Similarly, the second hinge bracket 73 is also a supporting means for connecting the hinge 70 and the door 13, and as shown in Figs. 4 and 9 and 10, the first hinge bracket 71, Side edge of the door 13, for example, on the left side of Fig. And protrudes forward so as to be able to support the connection arm 75.

The connecting arm 75 is connected to the first and second hinge brackets 71 and 73 to cause a hinge operation. The connecting arm 75 may have various shapes depending on the shape of the first and second hinge brackets 71 and 73, ≪ / RTI > For example, when the hinge bracket is bent in a U-shape, the connecting arm may be formed in a cross shape, and when the hinge bracket is bent so as to face the hinge bracket so as to face each other, the connecting arm may be formed in a shape have.

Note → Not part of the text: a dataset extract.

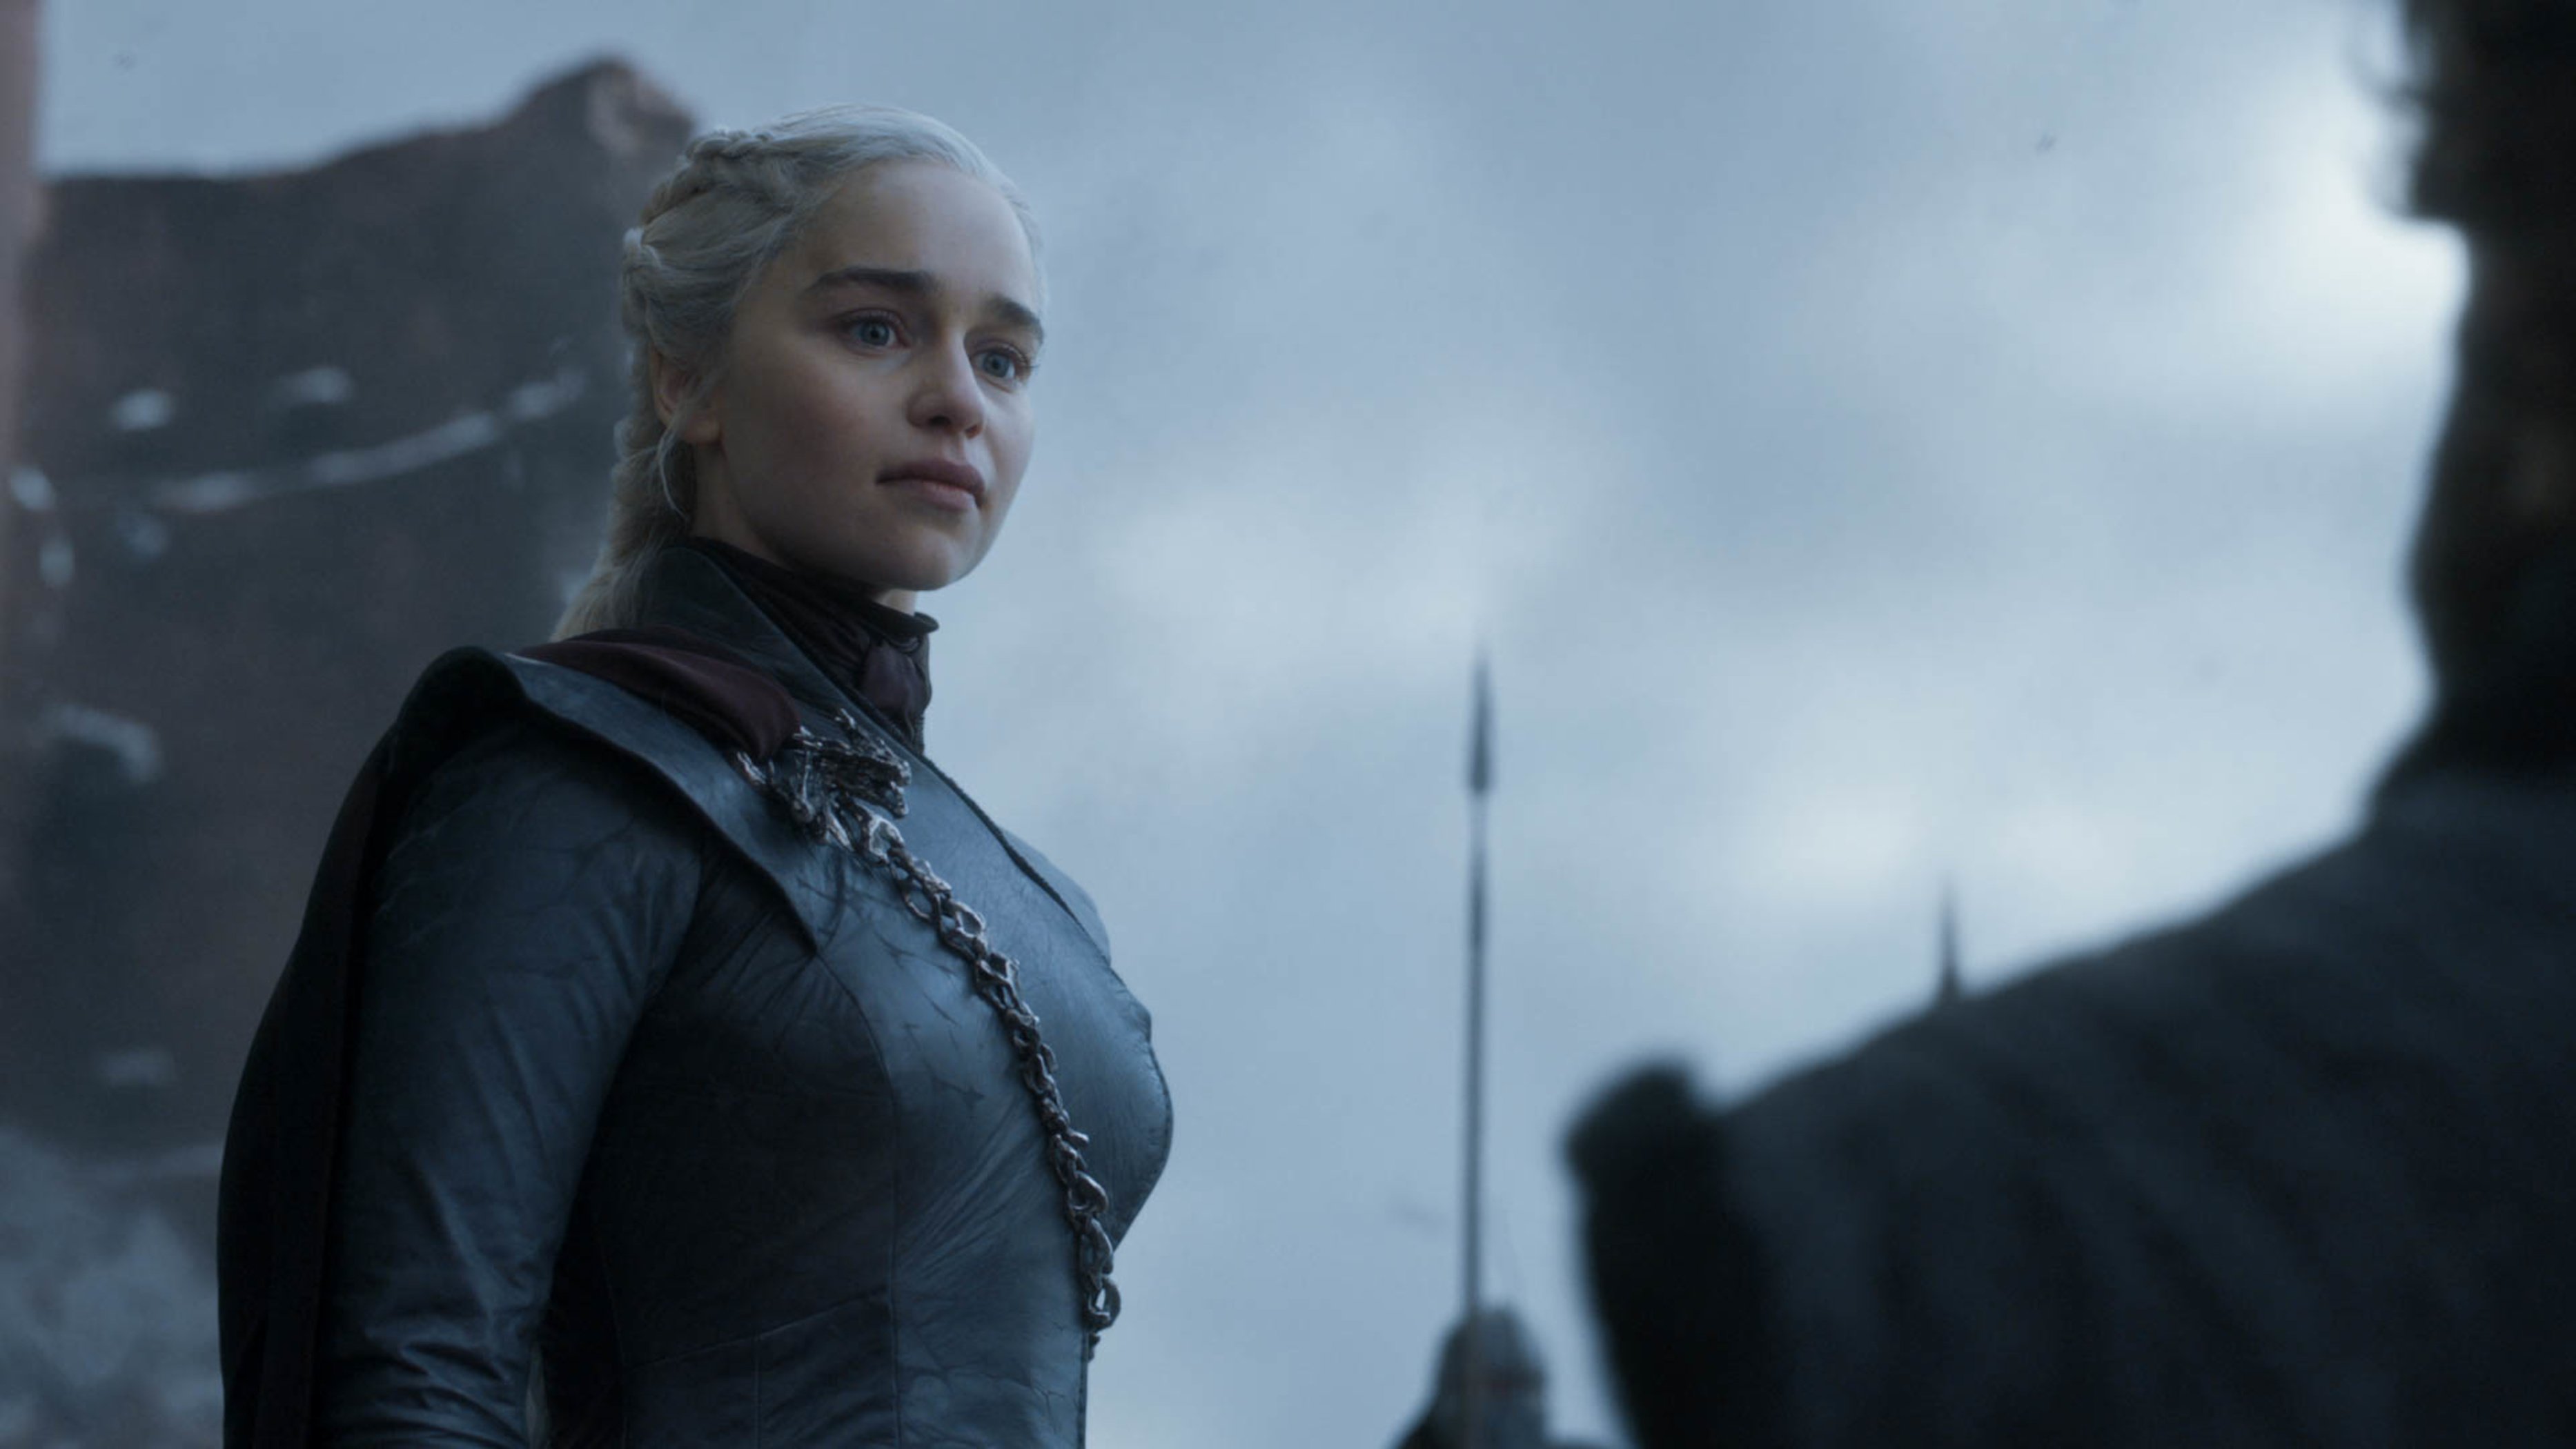 Daenerys Targaryen (Emilia Clarke) after her rousing speech in the series finale of 'Game of Thrones.'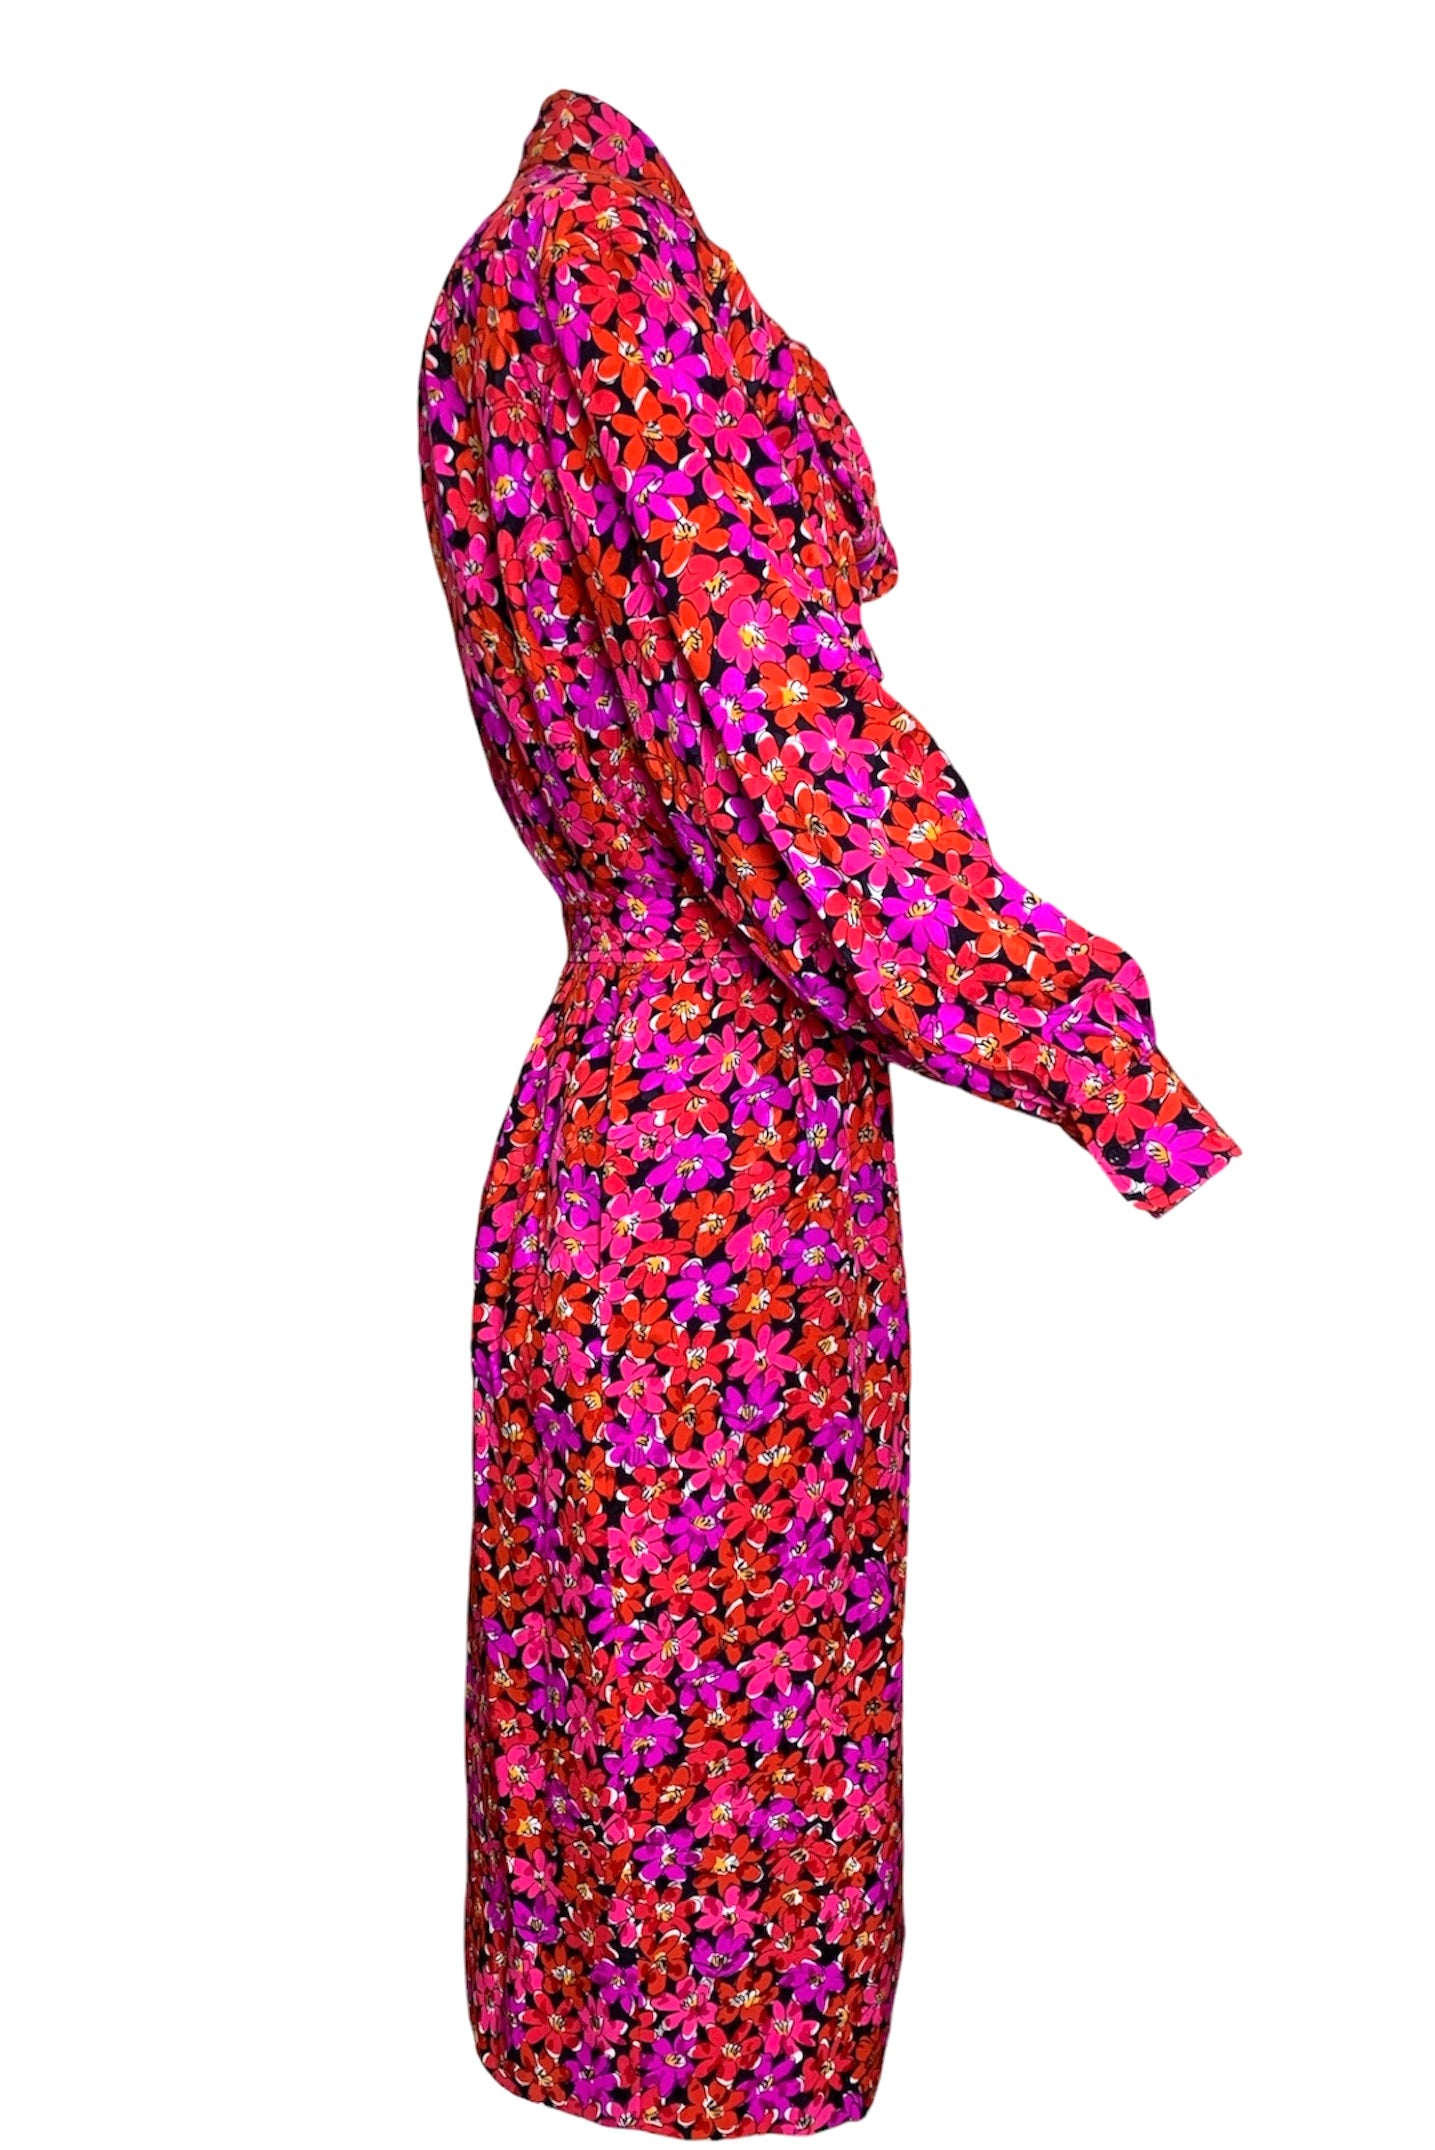 1989 Saint Laurent Magenta Silk Floral Print Dress Ensemble FULL ENSEMBLE SIDE

4, 9 and 10, the connecting arm 75 has a crank shape. In the drawing, the first pocket portion 81 is formed at the lower left end of the connecting arm 75, And a crank web 83 is formed between the first pocket portion 81 and the second pocket portion 82 in the upper and lower directions. The first hinge bracket 71 is seated in the first pocket portion 81 at one end of the connecting arm 75 and is pivotally connected through the first hinge pin 85 and the second pocket portion 82 are seated on the second hinge bracket 73 and pivotally connected through the second hinge pin 86. [ At this time, the second hinge bracket 73 is positioned above the first hinge bracket 71, as shown in Fig.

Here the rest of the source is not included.